Up early to pack and prepare for Glasgow. Woke the still jet lagged from flying back from Australia, Mirinda at 7:30 as we have to take the puppies to The Forge – they were NOT impressed. On GMTV this morning, for the first time, Haslemere was mentioned – Lower Street was flooded. When the taxi came (at 10) and dropped us at the station, it had unflooded. The taxi was, in fact, a tad late but my gigantic buffer meant we were well within acceptable parameters.
We caught the lovely (444) 10:32 South West Trains train up to Waterloo then crossed to a hot and smelly tube train to Euston.
While standing on the forecourt at Euston, waiting for our platform to be announced, we were informed that reserved seating was NOT in operation and it was every passenger for him/herself. We found out later that it is due to Virgin not being able to download information into the train. So how come you can ring up and reserve seats? Does this mean that if a lot of people just turn up to catch the train then we may not get our ‘booked’ seats even though we paid for them? Where is the incentive to pre-book? Boy, was it easy when all they had to do was ‘download’ the little bits of paper in the back of the seats. I presume they can’t go backwards in order to give good customer service. And I’m not alone! Plenty of other passengers were pretty pissed off at not being able to sit together when they’d actually booked seats, or facing the wrong direction.
Still, the train WAS very comfortable, though not enough leg room. But at least you can get up and walk around.
The train stopped at Penrith…which is only relevant to people who know me well. We left Euston at 12:30, due to arrive in Glasgow Central around 18:00. The further north we went, the more beautifully bleak the views out the windows became.
At the ‘buffet’ hatch, two Scots were complaining about paying £2.60 for a can of Strongbow cider (tea & coffee was £1.20) and then paid it anyway.

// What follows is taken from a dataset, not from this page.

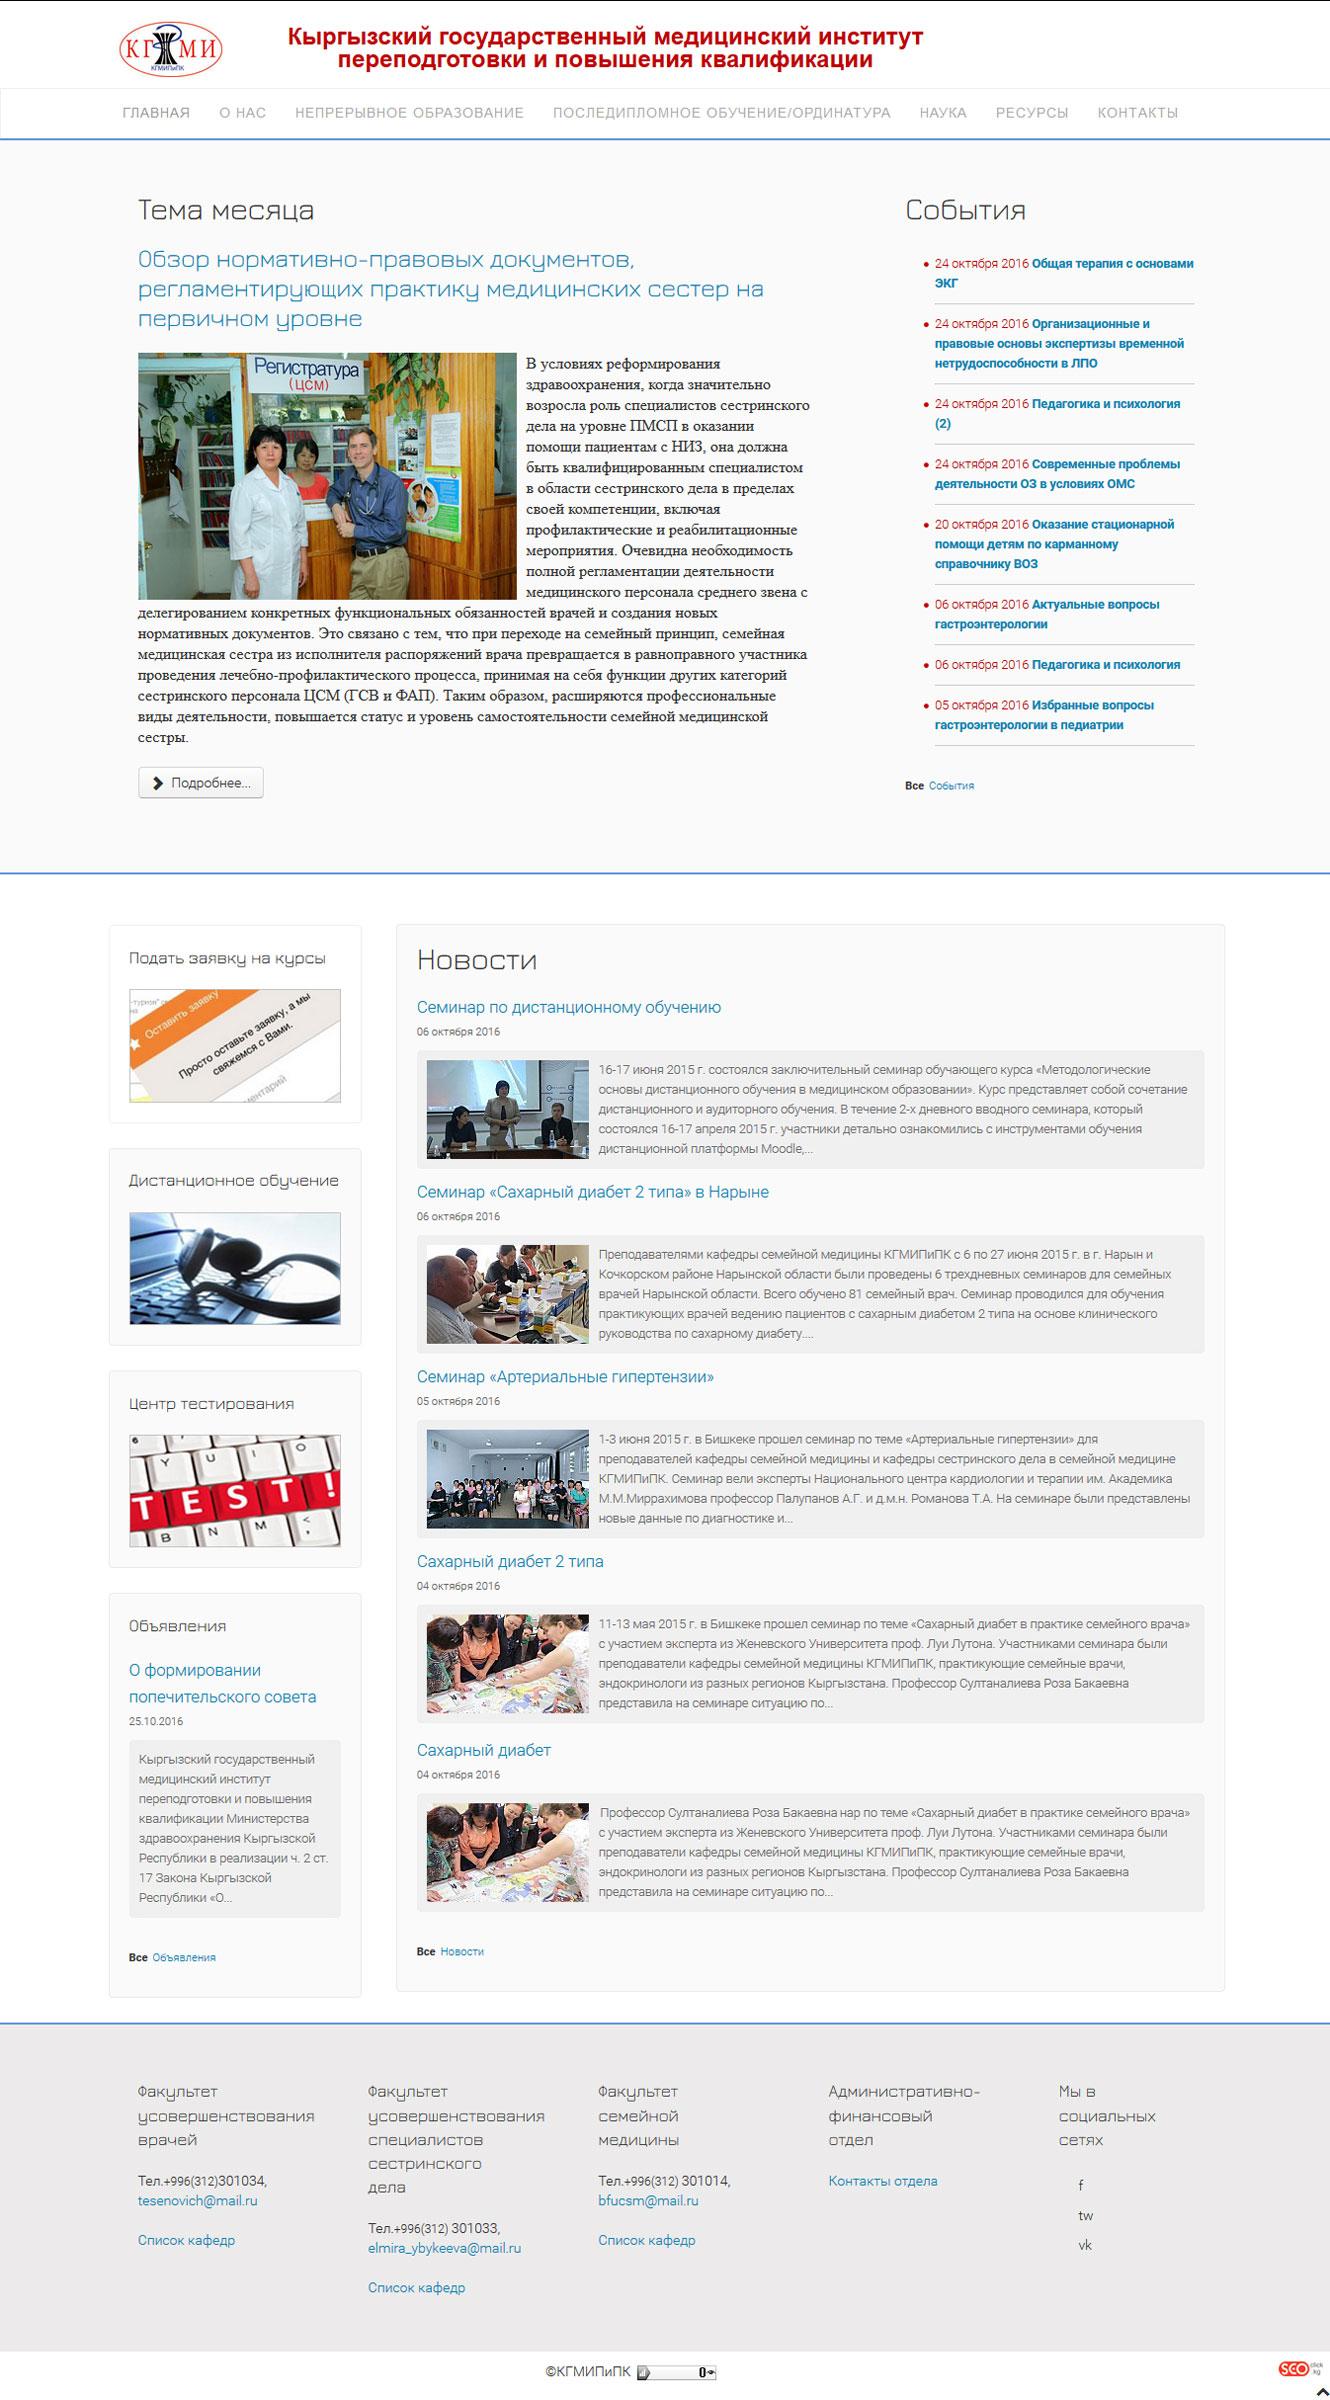 Создание сайта платформы для врачей КГМИ

As Mary (the woman behind the hatch) countered in her strongest and broadest Scottish accent: “I don’t make the prices, I just collect them.”
The countryside post-Oxenholme suddenly became very hilly and misty with lots of beckoning paths over large green humps, dotted with occasional sheep. As we got closer to Motherwell (‘yes she is, thank you’) the houses became predominantly old grey featureless rows of tiny tenements. Interestingly the new ones are very similar, except for being brown. Do I assume the old ones were not originally grey but have been darkened and neutralised by smoke and ash? Interestingly, and all joking aside, the name of Motherwell comes from the name of an old healing well in Ladywell Road.
The Quality Hotel at Glasgow Central station, is an interesting experience. Dave informed us that it used to be the favoured rendezvous of businessmen and their mistresses during their fumbly lunch-breaks. Seedy is a word that Mirinda used to describe it. One thing it does have going for it is how close it is to the train. Actually our room was twice as far from reception as reception was from the train. Oh, it IS big!
Our room had twin beds and the aroma of boiled cabbage floating in through the window, once I managed to open it. The fact that I had to pull the nails out with my teeth, may indicate the degree of difficulty involved. The cabbage smell increased and I quickly wished my success had not been so.
Mirinda abused the guy who let us into our room – they didn’t have a key for our room because the guy who ‘does’ the keys wasn’t there – until he agreed to change us to a double room which was ‘nicer’. He rang down to reception and, in a very forceful voice, demanded we be changed! Then his tone softened as he was told there were no nicer double rooms. He then assured us it would be fixed up the next day and to check with reception.
Mirinda crashed onto one of the beds and snoozed – still jetlagged and now pissed off as well – and I watched the Olympics until 7:15. We then left to meet Adele and Dave at the Buttery, Glasgow’s best restaurant or so our Rough Guide claims.
After walking along Argyle Street and under the spaghetti strands of the M8, we eventually found it, standing alone, opposite a council estate and a line of crow-like jeering kids. Things didn’t look good. But, quelle surprise! the food was excellent and served with panache. The wine list was very good and we indulged in a delicious Chianti Classico which we all agreed was perfect.
I haven’t seen Adele & Dave since we moved to the UK and they haven’t changed a bit. Apparently, however, I have and Adele called me a hippy. Apart from this insult we had a lovely night and finally walked back to the misnamed Quality Hotel. Outside the building the sign has been badly miss-painted – the words ‘Lack Of’ have been left off.
Arriving back at the hotel, we had to go to reception and find someone to let us back into our room due to not having a key yet. A guy, just back from Benidorm, came up with us. The ‘keys’ are those little strips of punctured plastic you sometimes find and this guy sets them. I reckon he should be a dentist! The way he pulled and yanked the other end of this poor piece of plastic with his chunky pliers would have put Doc Holliday in the shade. Mind you, he had to have a few goes at it before he managed to produce a working key. It was very funny. And meant we went to sleep happy and smiling.